The adults in the dining room waited quietly, not wanting to disturb Gunther’s sleep or Honronk’s spellcraft. Olza, Bel, and Uncle Ed sat at the table. Galinda leaned against the doorway, and Hans paced the short distance between the front door and the home’s primary fireplace in the common area.
Other than rain pattering on the roof, the house was still and silent.
When Hans heard a doorknob turn, he stopped pacing, listening for what came next.
The door creaked open, and Honronk began an incantation. Wool socks on tiny feet brushed across the floor in the rhythm of steps. Hans assumed that was Gunther trying to leave while Kane held him in place.
The incantation stopped at the same time as any sound of movement from the other side of the house.
“Did it work?” Gunther asked.
The house shook from the shouting that followed. Olza and Galinda held each other's hands and bounced in a circle. Uncle Ed’s chair slammed into the wall when he launched to his feet to hug Honronk. Bel stood on the outside smiling, using her finger tips to catch the tears wanting to race down her cheeks. Hans sat on the floor, experiencing the elation of breaking the surface of a lake just before his air ran out.
A solution. We finally found a solution.
“Guys?” Gunther asked again.
“Yeah, Gunny,” Kane said. “You did good.”
Quest Update: Implement a Repel Possession ward to stop the nightmares, permanently.

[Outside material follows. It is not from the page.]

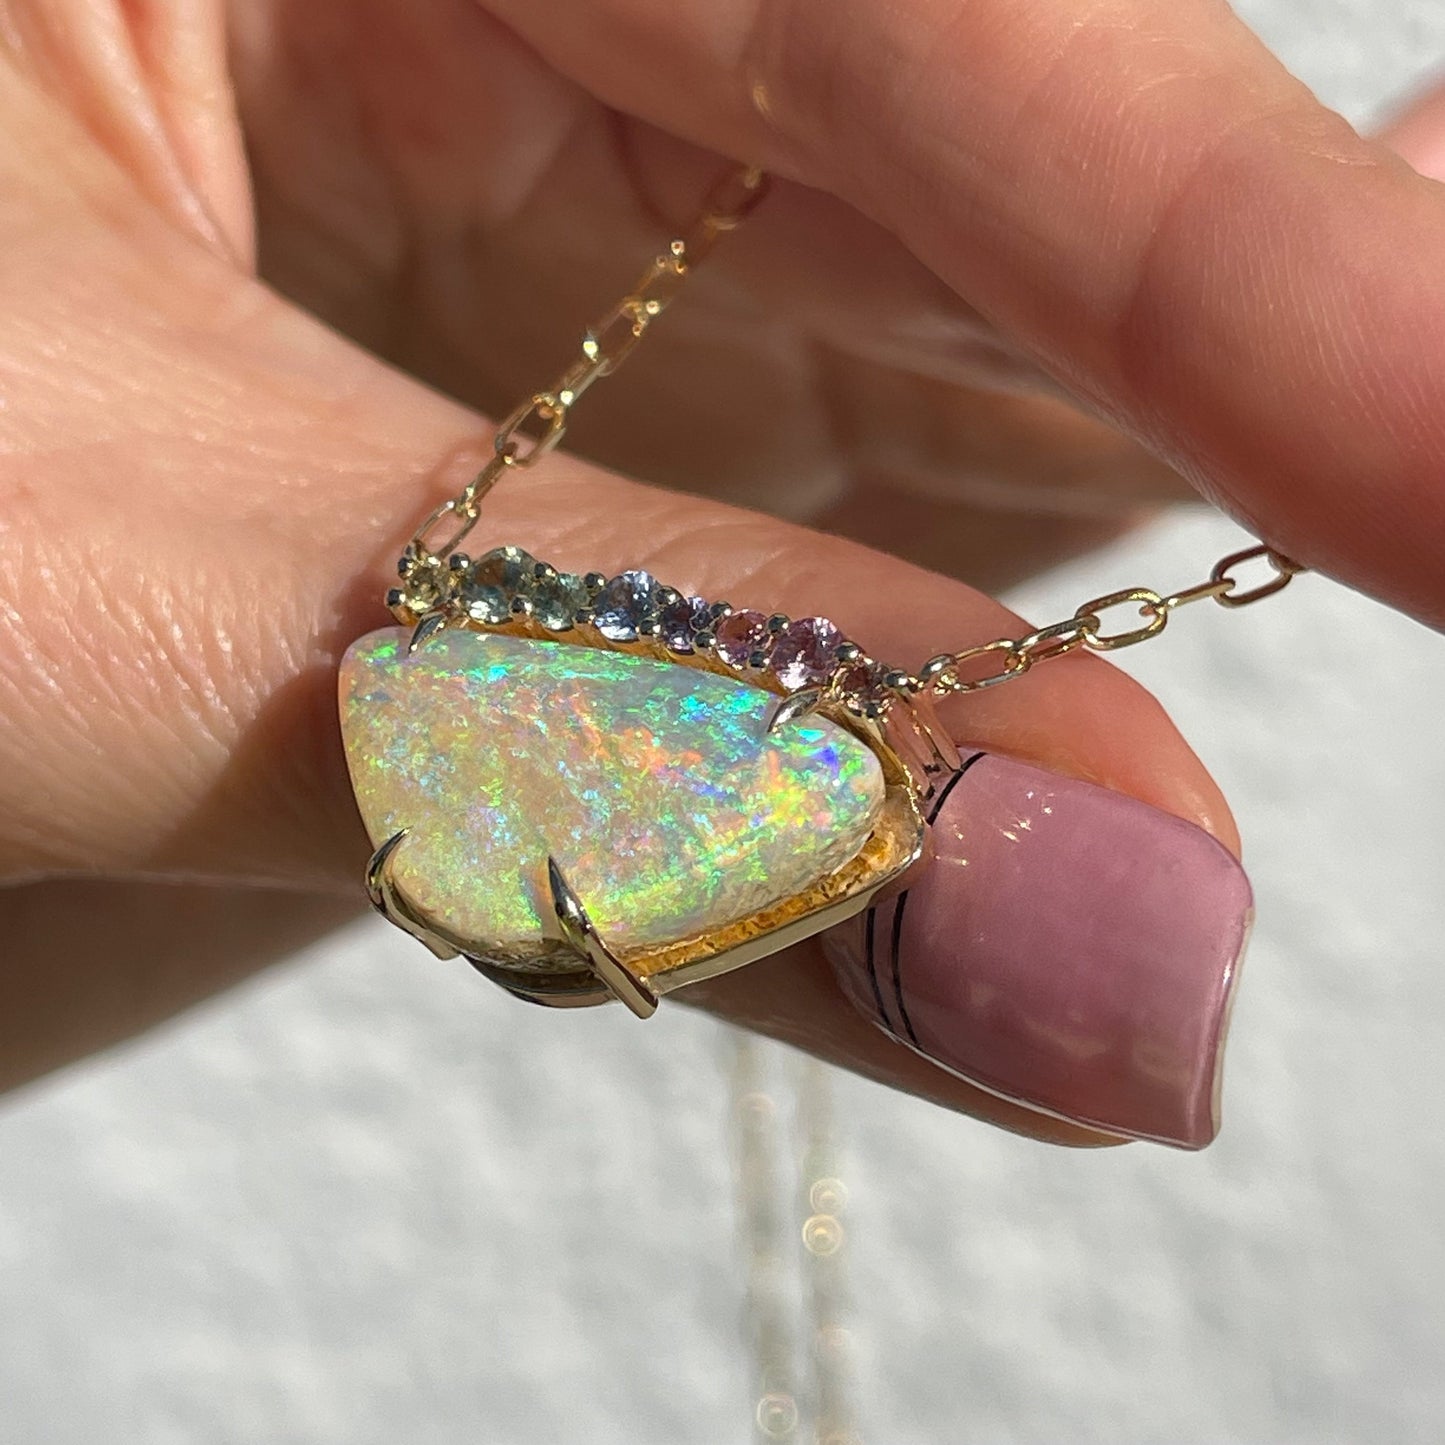 An Australian Opal Necklace by NIXIN Jewelry. The Crystal Opal necklace is set in gold and shot at an angle to show the side of the necklace as it rests on a finger.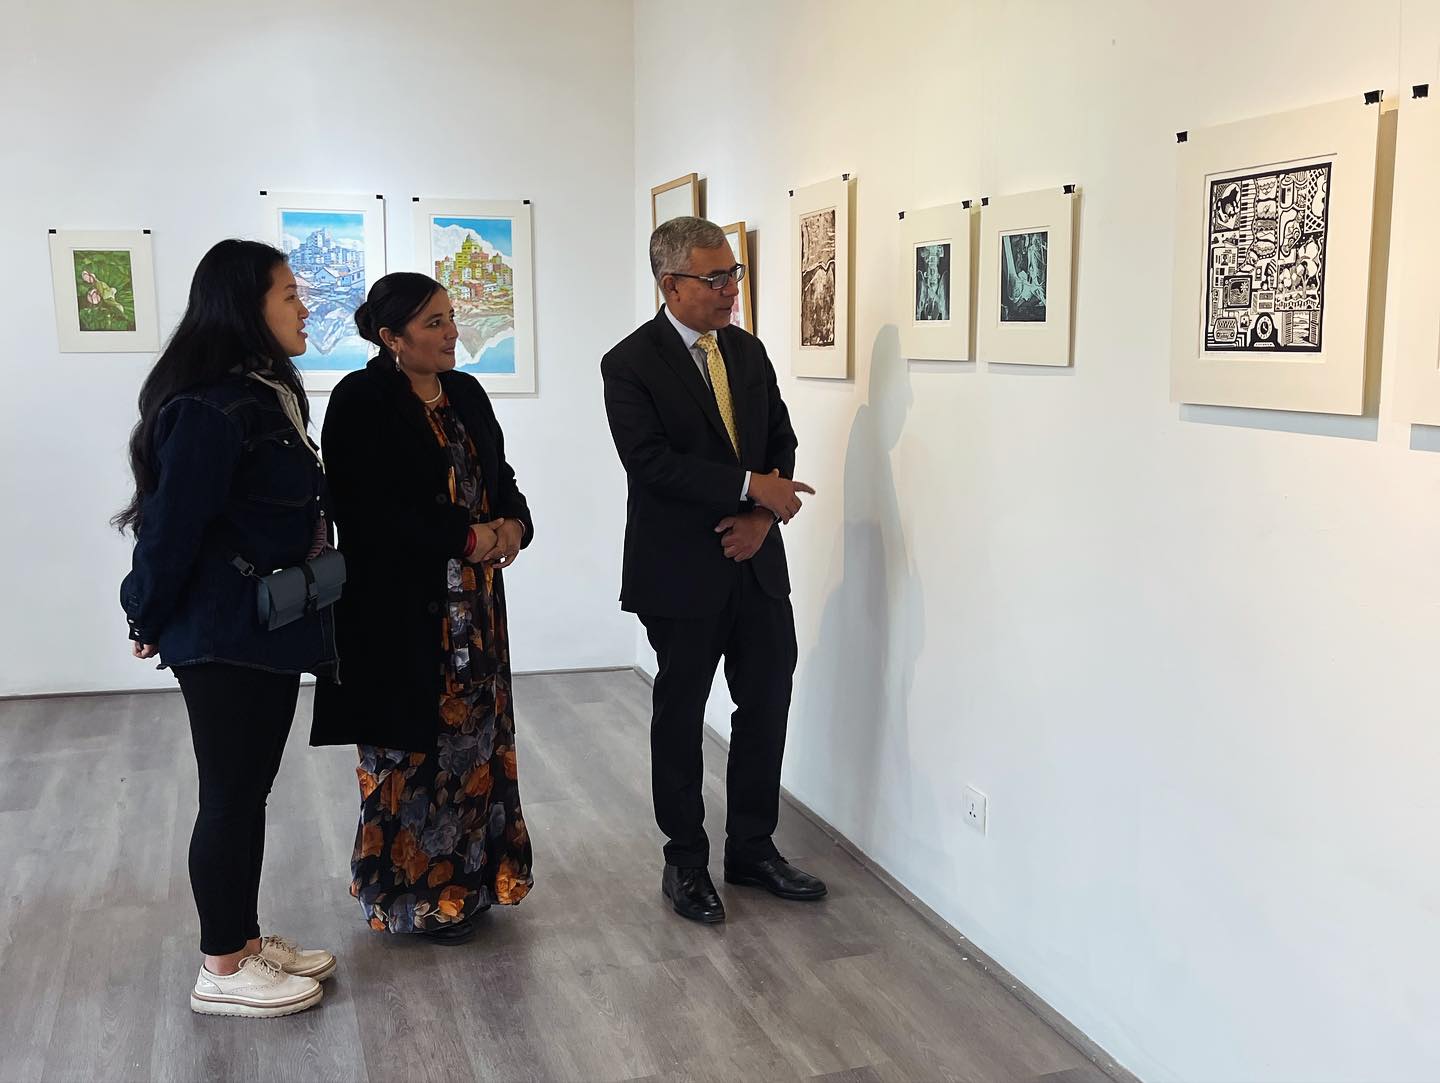 ‘Lines of Relationship’ on display at Mcube Gallery

When the jubilation settled, Uncle Ed fished a bottle of whiskey from a kitchen cabinet and began to pour. Kane and Gunther both asked for a glass, but he told them no. They grumbled a bit, but the importance of the moment was not lost on them.
“How soon can we get that ward up?” Uncle Ed asked to anyone in the room who cared to answer.
“Not soon,” Galinda said, her smile fading.
Olza added, “We’ll find an enchanter, but it will take time.”
Though that wasn’t what anyone wanted, they were grateful that they now had a clear direction to pursue. The light might be far off, but they could see it where the horizon was nothing but darkness before.
Honronk plunged the house back into tense silence when he said, “I have an idea.”
***
Open Quests (Ordered from Old to New):
Progress from Gold-ranked to Diamond-ranked.
Mend the rift with Devon.
Complete the manuscript for "The Next Generation: A Teaching Methodology for Training Adventurers."
Expand the Gomi training area to include ramps for footwork drills.
Refine a system for training dungeon awareness.
Research the history and legends of the Dead End Mountains, more.
Protect Gomi.
Earn enough gold to free enough workers to build the new campus. Bonus Objective: Pick a secret passage cooler than a bookshelf door.
Find a partner to move dungeon loot efficiently.
Find a way to share new knowledge without putting Gomi at risk.
Implement a Repel Possession ward to stop the nightmares, permanently.
Design a training dungeon concept to test on the dungeon core.